Jeff: That man right there is Scott Shields. He's a CPA and founding partner at Shields-Blice & Company CPA's in Fairlawn, Ohio. They actually have a couple of offices, don't you there Scott?

Scott: Yeah, we do. We've also got our office in North Canton, which is in the Southern part of our county but it is a tremendously growing area, very close to the Akron-Canton Airport which has been growing over the years and bringing us lots of opportunities down here in North Canton, Ohio.

“The time to get that line of credit, that revolving line that's always available to you is not when you are up against the wall and not able to make payroll. It’s during the fat season when you're flushed with cash, when you don't really need it... Get it in place right now.” 

Jeff: And we're going to tell you how you can get in touch with Scott and his team toward the end of the program so keep it here. This is “Deal Talk,” my name is Jeff Allen. Scott, when you go in and you meet with a client, maybe the first time, second time, third time, it doesn't matter how many times, and you start to get to the root cause of these issues and you start to put a plan in place to help the client dig out of this situation and maximize cash flow once again to get the train back on the rails. How many times will you say, we shouldn't even say how many times, but how common is it that a business owner as comfortable as those cash flow issues might be are really kind of uncomfortable with some of the changes that you might ask them to make? Is it true that sometimes some of these things that you might ask a client to do are things that may not necessarily feel very comfortable at first?

Scott: I think you're absolutely right, Jeff. One of the things that we absolutely don't have that a business owner has is I don't have the emotional attachment. So I'm able to look at things in a little bit different light. Just because an individual has been with you for a certain period of time doesn't necessarily mean that individual is still performing at a level they should. Just because you have had the same customers year after year after year, maybe you're finding an exodus of those customers because you're not keeping up with technology, or whatever the case may be. And I can walk into a business owner's office and I form my first opinion within about one and a half seconds of walking in his office. If I walk into an office that's got piles of paper everywhere, stacks on the floor, filing cabinets hanging out, and the guy's got an old flip phone on his hip, I already know that I got my work cut out for them.

 

Jeff: Used to like flip phones. I felt like I was a character on Star Trek walking around with one of those. And I like to remember the old Motorola Razr's, remember when they first came out they were nice and thin. Anyway, it's another story for another day. But what are maybe one or two things that some folks are most resistant to doing that you advise them to do that really can cause them maybe some short-term pain on the way to getting things corrected again with regard to cash flow?

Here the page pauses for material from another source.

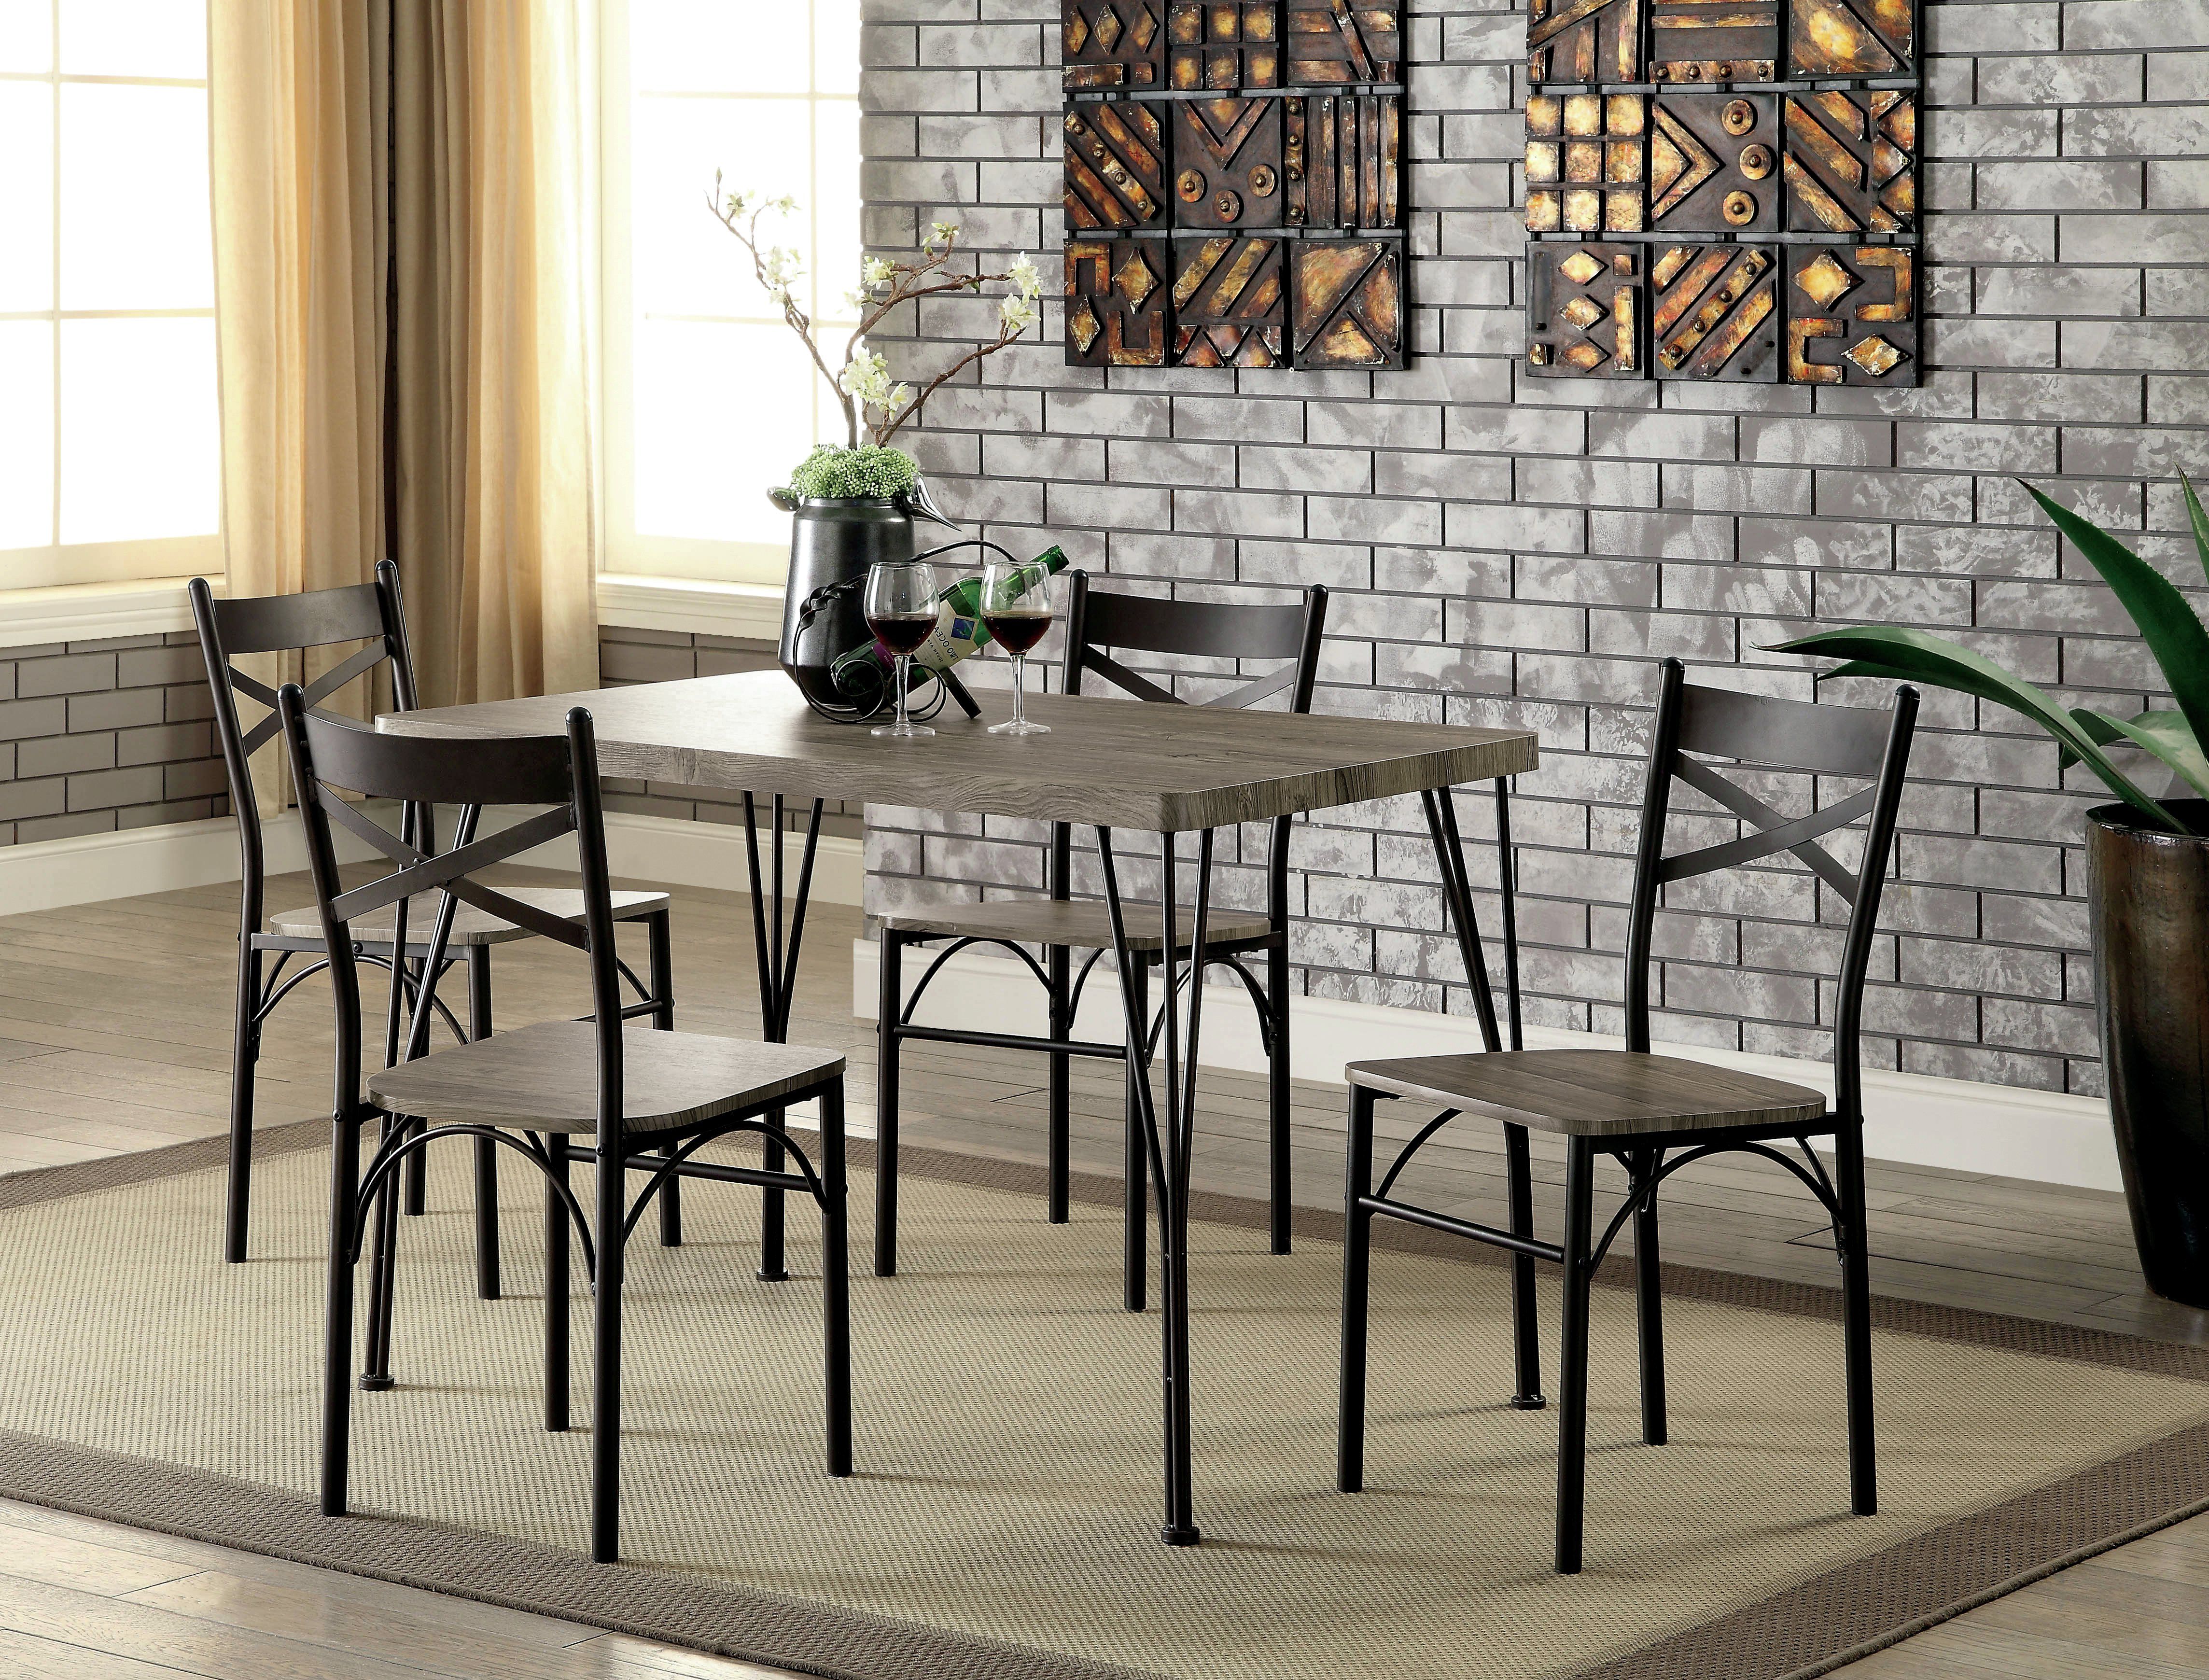 Kieffer 5 Piece Dining Sets In Best And Newest Middleport 5 Piece Dining Set (View 13 of 20)

Scott: I want to look at the whole vertical integration on their operation. I want to understand what it is that they do. And then we're going to look at the entire process, whether it's a manufacturing operation or a service operation, I want to look at everything. What is it they're holding out to the general public that generates them revenue? Is it something that is on the decline, is it a very stable industry, is it growing? I then want to take a look at how are they pricing it out? It's amazing to me Jeff. When I ask individuals what are their fixed cost and their variable cost I get the deer in the headlights. And they're not even sure what is the nut that they have to crack each and every month. And if let's say they're making widgets and that widget is being sold for 15 bucks, I'll ask, "What's your sub cost in that widget?" They don't know. I said, "How much are you making on that widget?" They don't know. So we got to get down to take a look at what is our margins on these things? Do I have an 11% margin, do I have a 1% margin? And then the next step is how frequently are we billing? Are we billing whenever we get time? Are we doing it religiously at a minimum of once a month? Are we doing the billing every time a project goes out? Whose responsibility is it then to follow-up with that customer based on the terms of our invoicing? Maybe we are 30 days, or 210 net 30, or something along those lines. Whose responsibility is it to make that phone call when that invoice is 45 days old and find out what's going on? Even on our whole organization we find problems that come up, and invoices and getting paid. And we call them up and we want to find out why. We're not being aggressive we're just saying, "Hey, did you get the invoice?" And many times they say, "No, we didn't." And we'll go back in because we're electronic and most of our invoices go out electronically. We'll find that there was a mistake putting an email address in, or the individual responsible for payable has changed and emails are going to the wrong person. Sometimes it's really that basic.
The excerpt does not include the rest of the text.